Rich came to prominence in the 1970s, when he worked at Phillips Bros.
(later Phibro), then the biggest trader. With veteran partner Pincus
“Pinky” Green, he pioneered “combat trading” — getting trading rights
from countries in turmoil. Rich, called El Matador for his killer
instinct, did the deals. Pinky, “The Admiral,” arranged shipping.
Traders soon learned the art of the Rich deal: Do whatever it takes.
After Rich and Green left Phibro in 1973 to form their own company,
they bought a house in the South of France and “stocked it with hookers
from Paris and flew in oil guys who spent a week at their expense,”
says a former U.S. oil executive who knows Rich. “They got the oil
contracts they wanted.” A former Rich partner corroborates this.

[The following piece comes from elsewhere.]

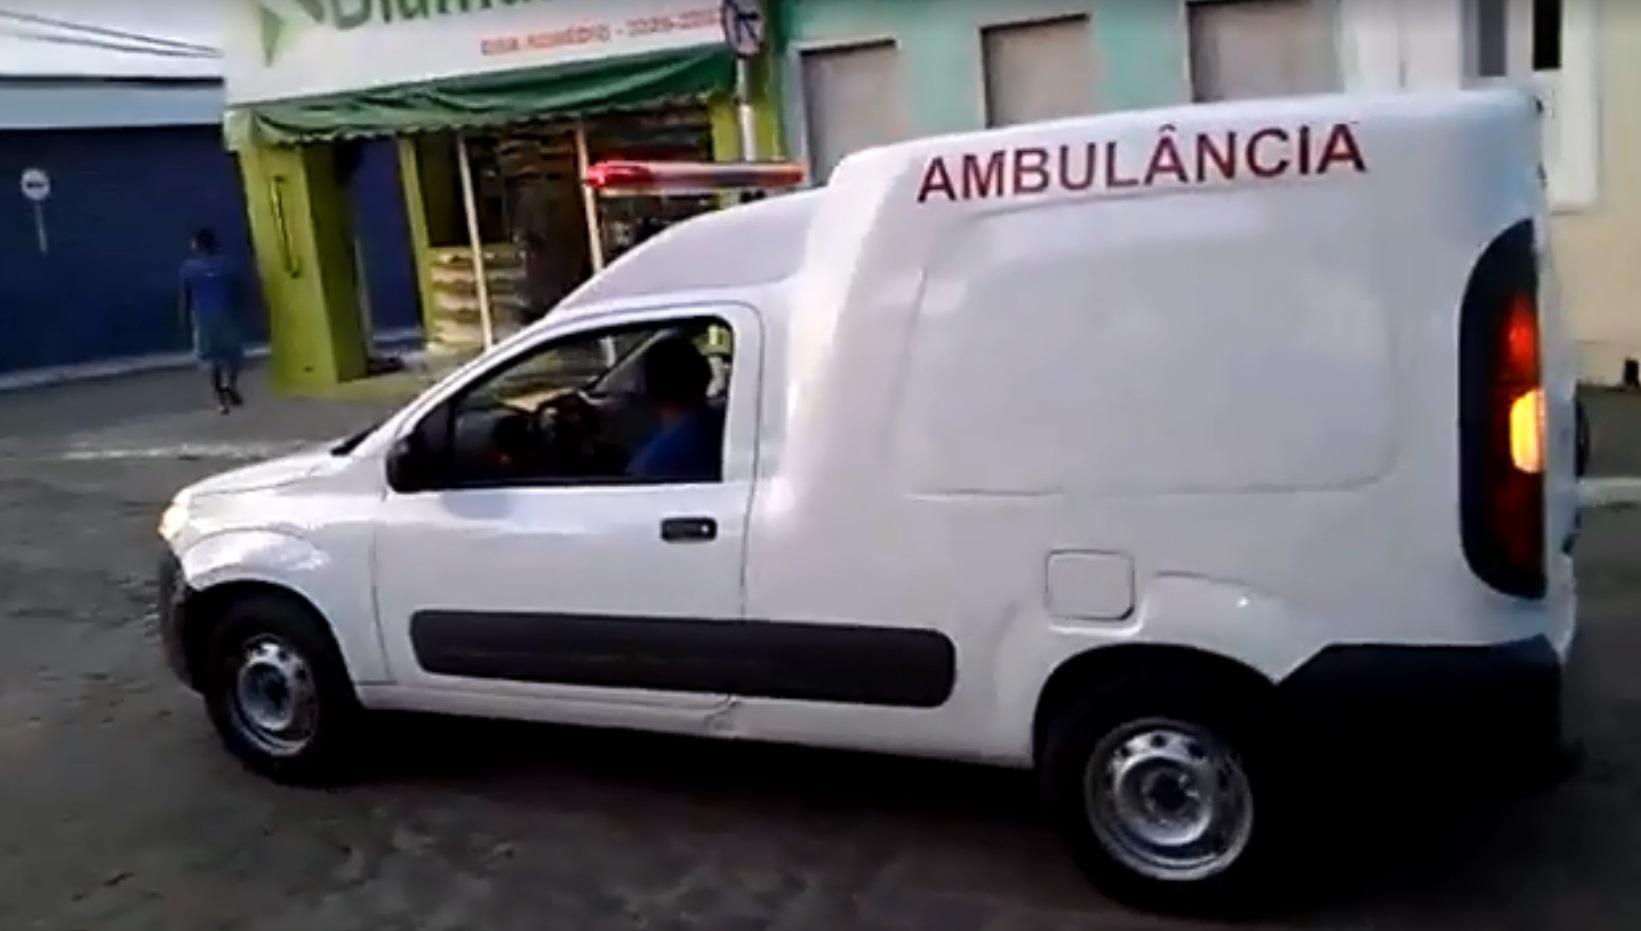 Prefeitura de Boa Vista do Tupim adquire segunda ambulância com recursos próprios

Green,
who retired in 1992 after heart surgery, could not be reached for
comment.
Rich is notorious for trading with Iran during the hostage crisis,
South Africa during apartheid, and Cuba and Libya during U.S. trade
embargoes. In 1983 he fled to Switzerland after being indicted by the
Justice Dept. for racketeering, trading with the enemy (Iran), dodging
a $48 million corporate tax bill, and other violations that could have
resulted in 300 years of jail time. Rich’s companies pleaded guilty to
some charges and paid about $200 million in fines, penalties, and
taxes, but the case remained open until the pardon. “Rich’s philosophy
is that no law applies to him,” says Morris “Sandy” Weinberg Jr., the
former U.S. prosecutor who pursued and indicted Rich in 1983.

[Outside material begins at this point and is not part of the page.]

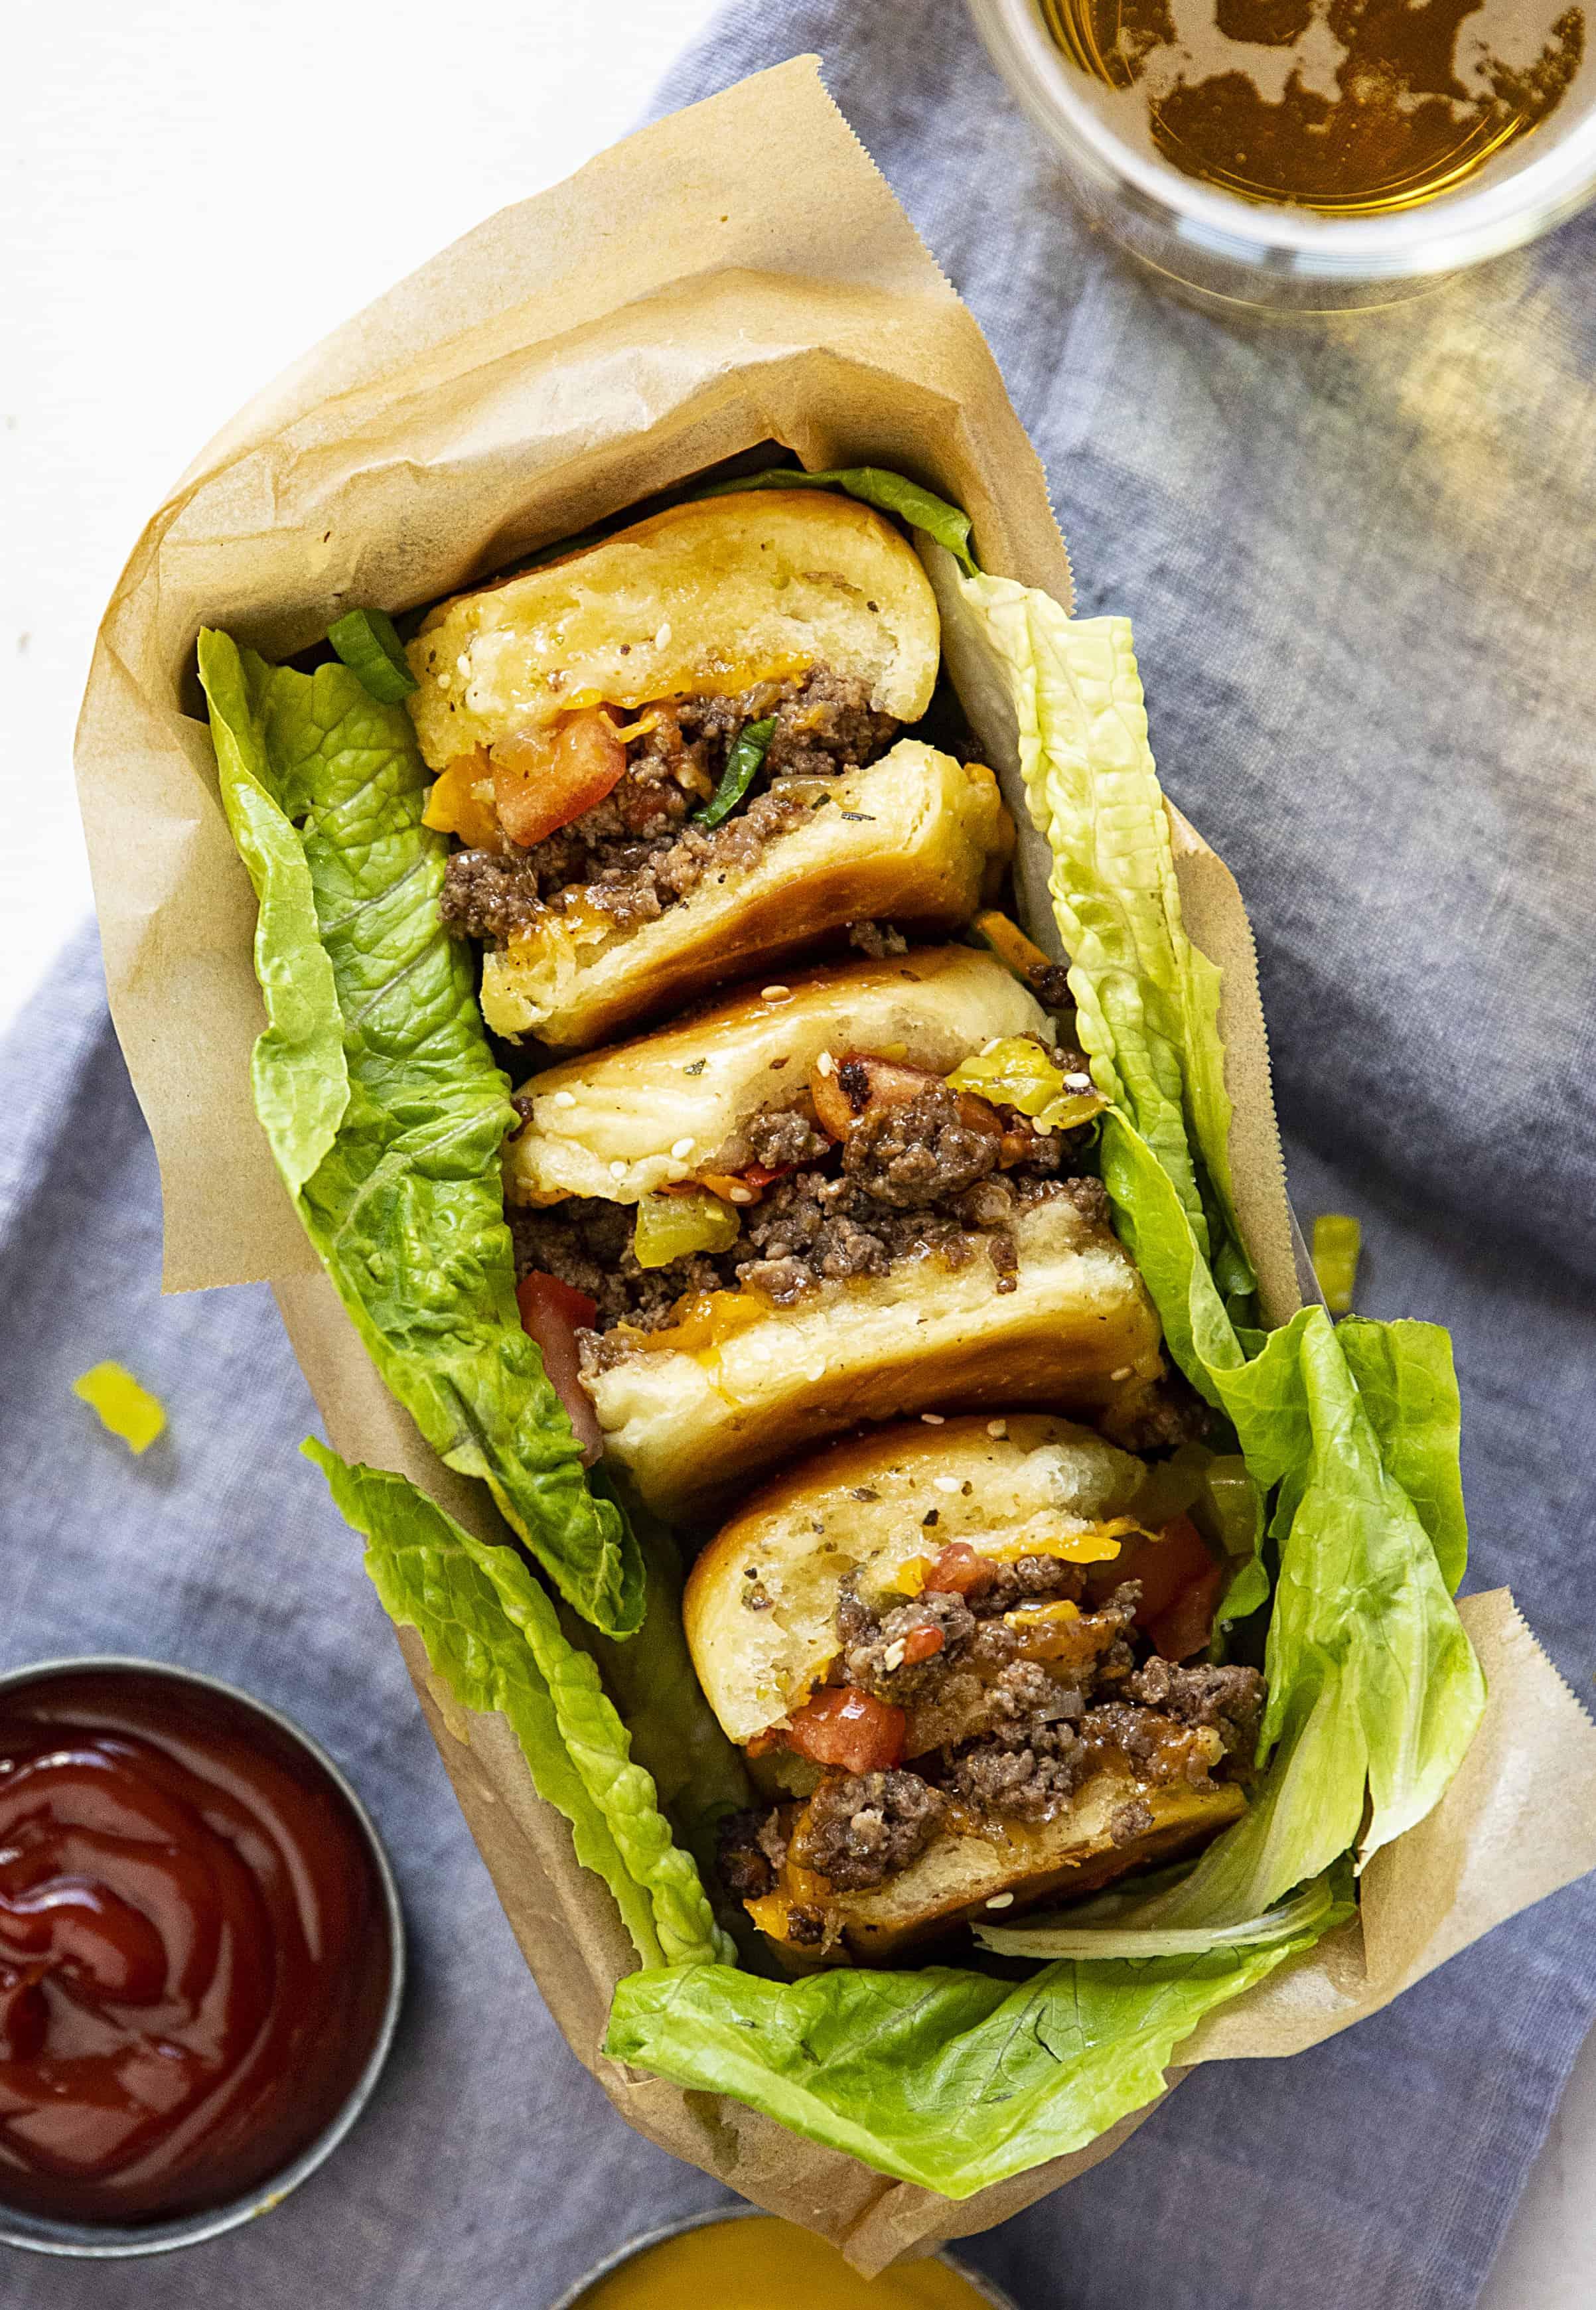 Cheeseburger sliders in a basket

Over the years, Rich has mentored scores of traders. Although the
70-year-old is past his peak in the business, according to industry
experts, his protégés are thriving. “You could call it the University
of Marc Rich,” says a Senate investigator. As Alaskan and North Sea oil
production declines, new supplies increasingly come from some of the
most corrupt or politically unstable places on earth, such as
Equatorial Guinea and Sudan. These are the new frontiers where major
U.S. oil companies fear to tread because of sanctions, embargoes, and
antibribery and anti-terrorism laws. But it’s where these traders, many
like characters out of the James Bond flick Goldfinger, make good
money, especially when oil tops $60 a barrel.

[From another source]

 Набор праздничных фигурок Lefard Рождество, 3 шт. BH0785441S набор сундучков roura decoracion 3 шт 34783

Governments and law enforcers have long been suspicious of some Rich
Boys. In a six-month investigation, BusinessWeek has pieced together
the first comprehensive look at their sprawling and deliberately
elusive operations. Our findings:
– Rich has spawned the most powerful informal network of independent
commodities traders on earth. He did it primarily by funding spin-offs
and startups around the globe for decades, and by training scores of
traders who have set up their own shops. Although Rich no longer
maintains stakes in most of these outfits, he has helped create a
network that, in sum, is far more formidable than his own company in
the 1970s and 1980s, when it was the world’s premier commodities trader.
– The Rich Boys’ often controversial activities are on the rise. They
buy oil from places where corruption is extensive: Some of the Rich
Boys have been named in scandals in Nigeria and Venezuela. They also
sell oil from pariah states to U.S. refiners.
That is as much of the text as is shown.